Because the log IO is sequential, and the log is circular, there is
no write or allocation amplification here and once the log has been
written once further writes are simply overwriting allocated LBA
space. Hence after a short period of time of activity after a
snapshot, ENOSPC from journal IO is no longer a possibility. This
case is the exception rather than common behaviour.

Metadata writeback is a different story altogether.

When we allocate and write back metadata for the first time (either
after mkfs, fstrim or a device snapshot) or overwrite existing
metadata after a snapshot, the metadata writeback IO will
always require device side space allocation.

Unlike the neat sequential journal IO, metadata writeback is
effectively random small write IO. This triggers worse case
allocation amplification on thinp devices, as well as worst case
write amplification in the case of COW after a snapshot. metadata
writeback - especially overwrite after snapshot + modification - is
the worst possible write pattern for thinp devices.

It is not unusual to see dm-thin devices with a 64kB block size have
allocation and write amplification factors of 15-16 on 4kB block
size filesystems after a snapshot as every single random metadata
overwrite will now trigger a 64kB COW in the dm-thin device to break
blocks shared between snapshots.

So, yes, metadata writeback is extremely prone to triggering ENOSPC
from thin devices, whilst journal IO almost never triggers it.

> Where is this weird model where a
> storage device returns an out of space error and manual user interaction
> using manual and not online trim is going to fix even documented?

I explicitly said that the filesystem needs to remain online when
the thin pool goes ENOSPC so that fstrim (the online filesystem trim
utility) can be run to inform the thin pool exactly where all the
free LBA address space is so it can efficiently free up pool space.

This is a standard procedure that people automate through things
like udev scripts that capture the dm-thin pool low/no space
events.

You seem to be trying to create a strawman here....

> > > Normally it means your checksum was wrong.  If you have bit errors
> > > in the cable they will show up again, maybe not on the next I/O
> > > but soon.
> > 
> > But it's unlikely to be hit by another cosmic ray anytime soon, and
> > so bit errors caused by completely random environmental events
> > should -absolutely- be retried as the subsequent write retry will
> > succeed.
> >
> > If there is a dodgy cable causing the problems, the error will
> > re-occur on random IOs and we'll emit write errors to the log that
> > monitoring software will pick up. If we are repeatedly isssuing write
> > errors due to EILSEQ errors, then that's a sign the hardware needs
> > replacing.
> 
> Umm, all the storage protocols do have pretty good checksums.

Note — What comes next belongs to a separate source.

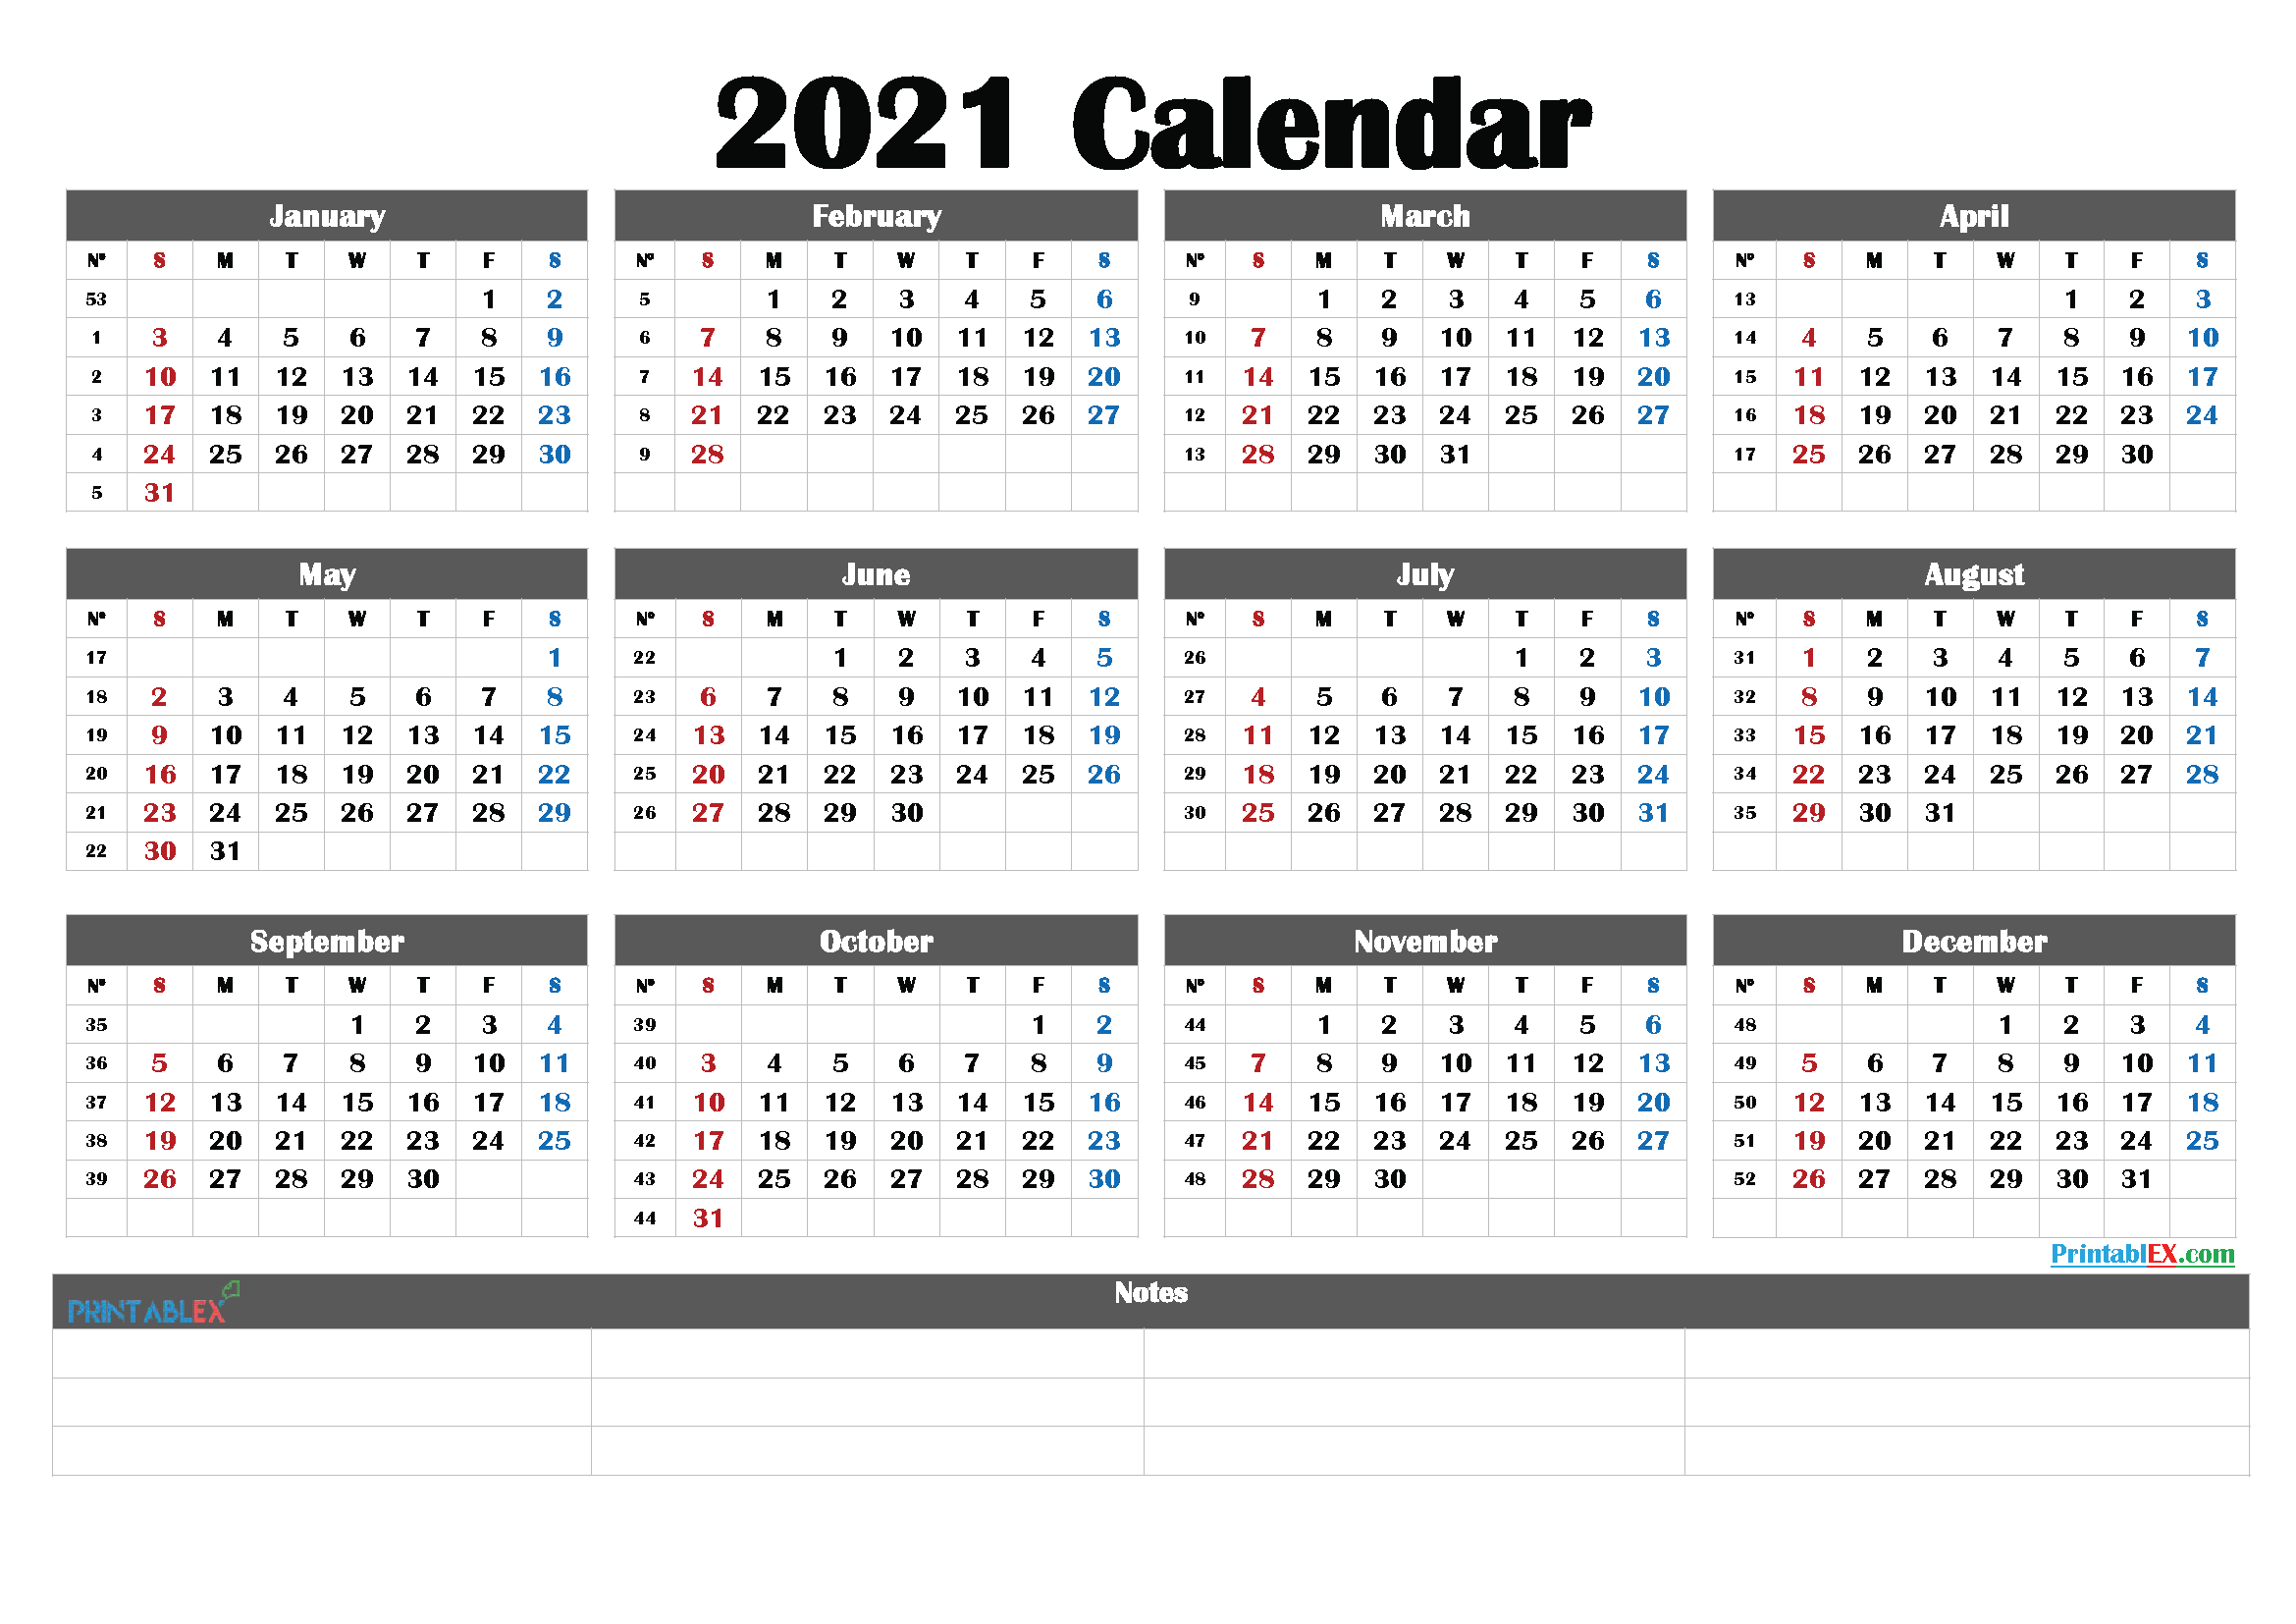 2021 Calendar with Week Numbers Printable - 21ytw187 ...

The strength of the checksum is irrelevant. It's what we do when
it detects a bit error that is being discussed.

> A cosmic
> ray isn't going to fail them it is something more fundamental like
> broken hardware or connections. In other words you are going to see
> this again and again pretty frequently.

I've seen plenty of one-off, unexplainable, unreproducable IO
errors because of random bit errors over the past 20+ years.

But what causes them is irrelevant - the fact is that they do occur,
and we cannot know if it transient or persistent from a single IO
context. Hence the only decision that can be made from IO completion
context is "retry or fail this IO". We default to "retry" for
metadata writeback because that automatically handles transient
errors correctly.

IOWs, if it is actually broken hardware, then the fact we may retry
individual failed IOs in a non-critical path is irrelevant. If the
errors persistent and/or are widespread, then we will get an error
in a critical path and shut down at that point. 

This means the architecture is naturally resilient against transient
write errors, regardless of their cause.  We want XFS to resilient;
we do not want it to be brittle or fragile in environments that are
slightly less than perfect, unless that is the way the admin wants
it to behave. We just the admin the option to choose how their
filesystems respond to such errors, but we default to the most
resilient settings for everyone else.

> > There is no risk to filesystem integrity if write retries
> > succeed, and that gives the admin time to schedule downtime to
> > replace the dodgy hardware. That's much better behaviour than
> > unexpected production system failure in the middle of the night...
> > 
> > It is because we have robust and resilient error handling in the
> > filesystem that the system is able to operate correctly in these
> > marginal situations. Operating in marginal conditions or as hardware
> > is beginning to fail is a necessary to keep production systems
> > running until corrective action can be taken by the administrators.
> 
> I'd really like to see a format writeup of your theory of robust error
> handling where that robustness is centered around the fairly rare
> case of metadata writeback and applications dealing with I/O errors,
> while journal write errors and read error lead to shutdown.

.... and there's the strawman argument, and a demand for formal
proofs as the only way to defend against your argument.

> Maybe
> I'm missing something important, but the theory does not sound valid,
> and we don't have any testing framework that actually verifies it.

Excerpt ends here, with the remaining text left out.